The study employed a mix design with the task types as between-subjects factor and delay time as within-subjects factor. Behavioral results (the proportion of precommitment and the proportion of LL options) were analyzed using a two-way RM ANOVA: 4 (task types: intertemporal decision-making task, revocable intertemporal decision-making task, precommitment intertemporal decision-making task vs. revocable precommitment intertemporal decision-making task) × 3 (delay time: short, medium vs. long). A Greenhouse–Geisser correction was used when the sphericity assumption was violated. The univariate ANOVA and paired t-tests with Bonferroni’s corrections were used in subsequent analyses. Partial eta-squared (ηp2) was used to indicate small (0.01–0.059), medium (0.06–0.139), and large (>0.14) effect sizes (Cohen 1973). Statistical analyses were carried out using SPSS 19.0 with an alpha set at P < .05.

Results

The proportion of precommitment

The result of two-way ANOVA revealed that the main effect of task types was significant, F(1, 63) = 5.089, P = .03, ηp2 = 0.08, with a higher proportion of making precommitment for the revocable precommitment group (M = 0.55, s.d. = 0.36) than the precommitment group (M = 0.41, s.d. = 0.33). Also, there was a significant main effect of delay time, F(2, 126) = 107.47, P < .001, ηp2 = 0.63. The proportion of precommitment in short delay time was the highest (M = 0.70, s.d. = 0.31), followed by medium delay time (M = 0.49, s.d. = 0.32) and then long delay time (M = 0.26, s.d. = 0.24). The interaction between task types and delay time was significant, F(2, 126) = 3.56, P = .04, ηp2 = 0.053. Furthermore, simple effect analysis showed that the proportion of precommitment in the revocable precommitment group was higher than that of the precommitment group in short and medium delay time conditions, while there was no significant difference in long delay time condition.

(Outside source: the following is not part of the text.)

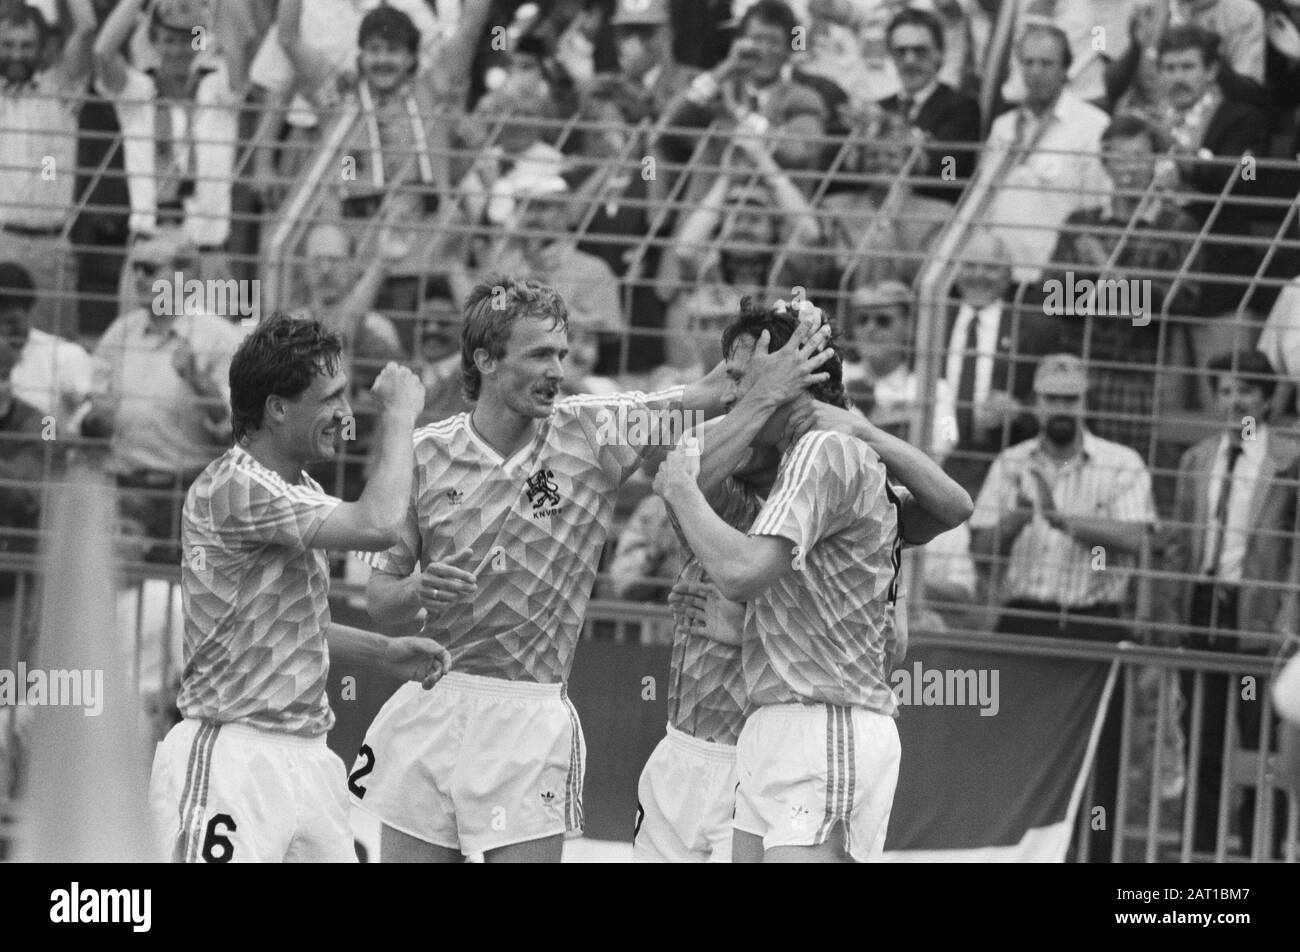 Fußball-Europameisterschaft in Westdeutschland; England gegen Niederlande 1-3 Datum: 14. Juni 1988 Ort: Deutschland, Großbritannien, Niederlande Schlagwörter: Sport, Fußball Stockfoto

The proportion of LL options

The result of two-way ANOVA revealed that the main effect of task types was significant, F(3, 130) = 2.78, P = .04, ηp2 = 0.06. The Bonferroni post hoc test showed that the proportion of LL options for the revocable precommitment group (M = 0.60, s.d. = 0.21) was higher than the other three groups (P < .05). There were no significant differences among the precommitment intertemporal decision-making group (M = 0.50, s.d. = 0.31), intertemporal decision-making group (M = 0.48, s.d. = 0.29), and revocable intertemporal decision-making group (M = 0.48, s.d. = 0.33) (P > .05). There was a significant main effect of delay time, F(2, 260) = 305.378, P < .001, ηp2 = 0.701. The proportion of LL options in short delay time condition was the highest (M = 0.77, s.d. = 0.23), followed by medium delay time condition (M = 0.51, s.d. = 0.26) and long delay time condition (M = 0.27, s.d. = 0.24). The interaction between task types and delay time was not significant, F(6, 260) = 0.35, P = .909 (Fig. 7).

The descriptive statistic of task types and delay time for the proportion of LL options.
Figure 7.

The descriptive statistic of task types and delay time for the proportion of LL options.

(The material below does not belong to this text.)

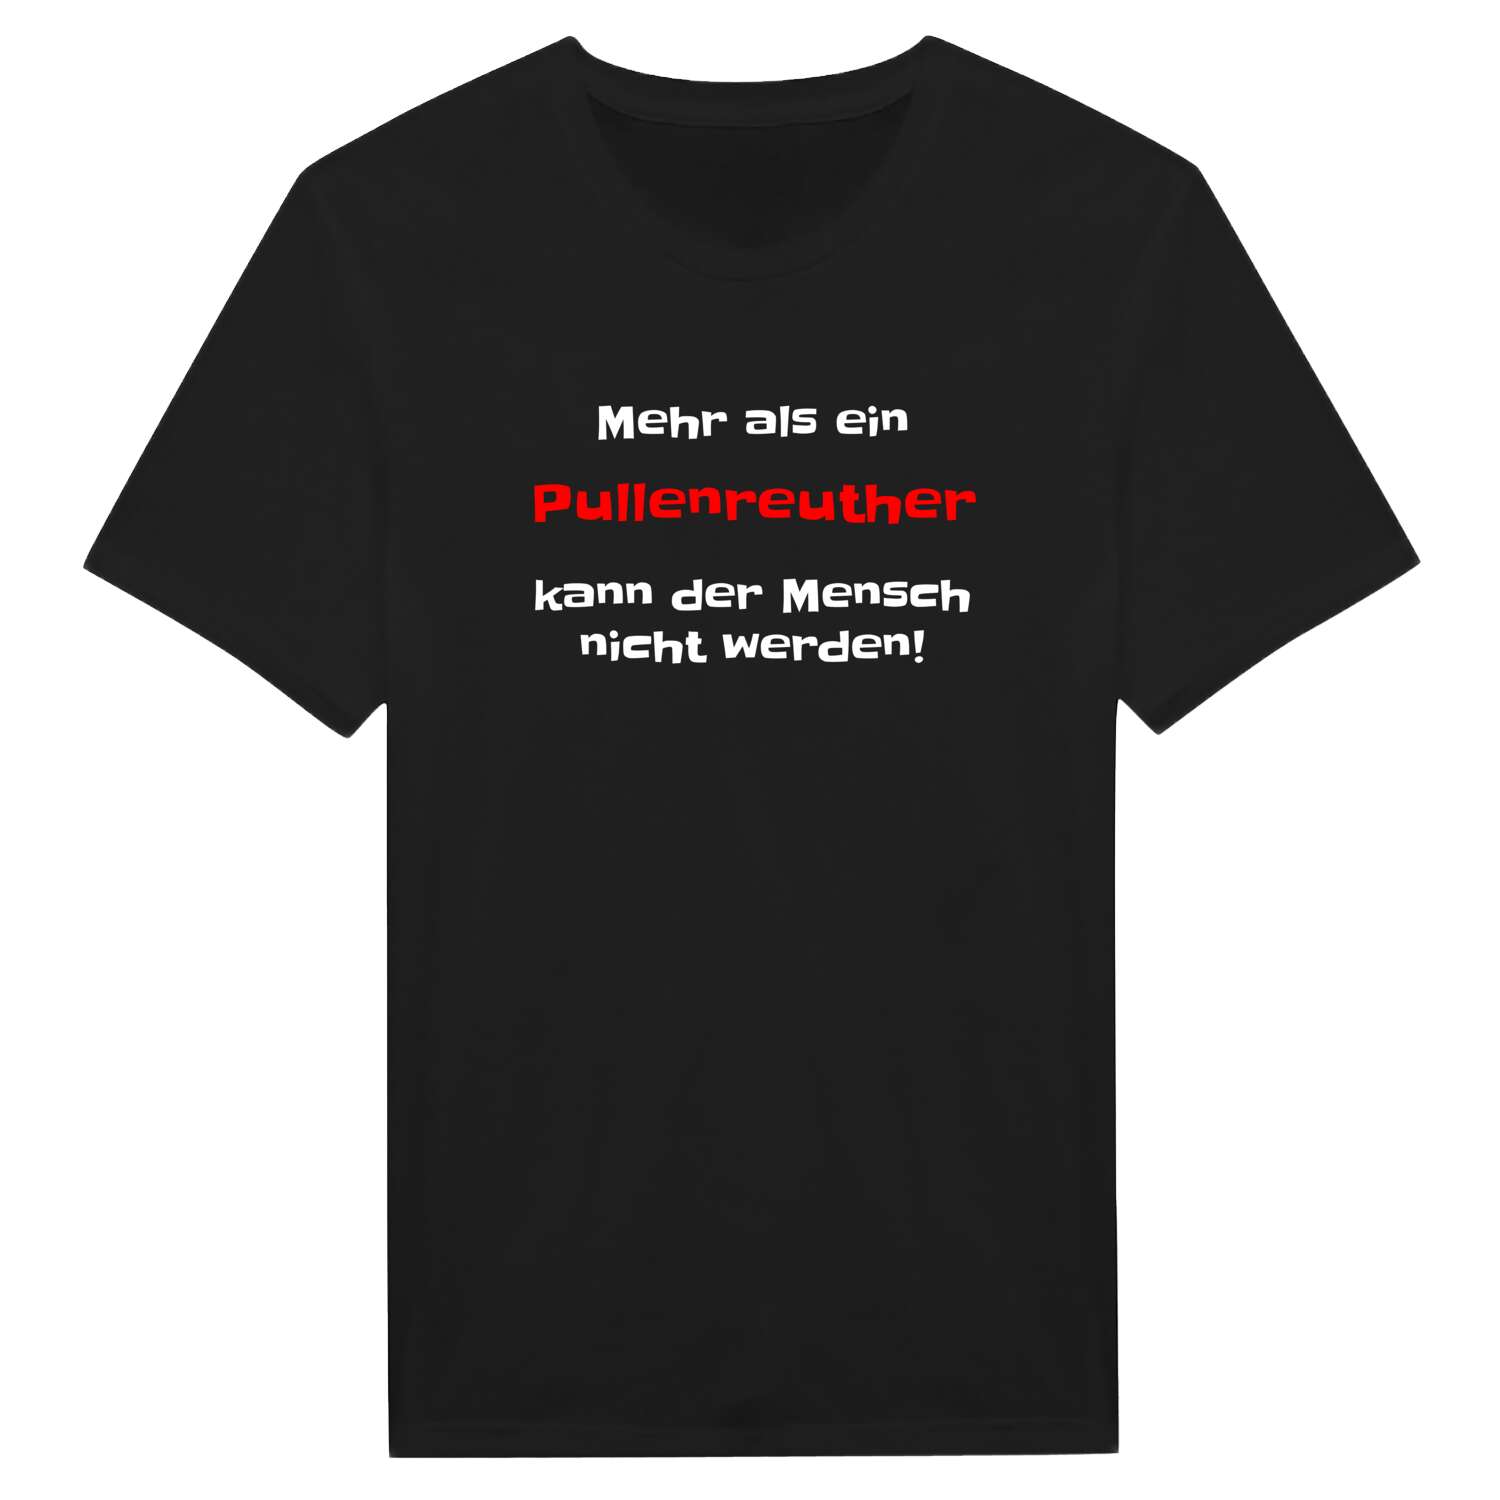 Pullenreuth T-Shirt »Mehr als ein«

The results of Experiment 2 showed that individuals are more likely to choose the delay option in the revocable precommitment intertemporal decision-making task than that in the precommitment task, intertemporal decision-making task, and revocable intertemporal decision-making task, which indicates that the revocable precommitment task setting is more conducive to reducing individuals’ decision-making impulsivity.

General discussion

Although previous research has revealed the effect of precommitment on intertemporal decision-making, there is an invalidated phenomenon of the role of precommitment played in the process of intertemporal decision-making. Based on this, this study provided the first evidence to explore the role of revocable precommitment in promoting effective commitment making and reducing decision-making impulsivity.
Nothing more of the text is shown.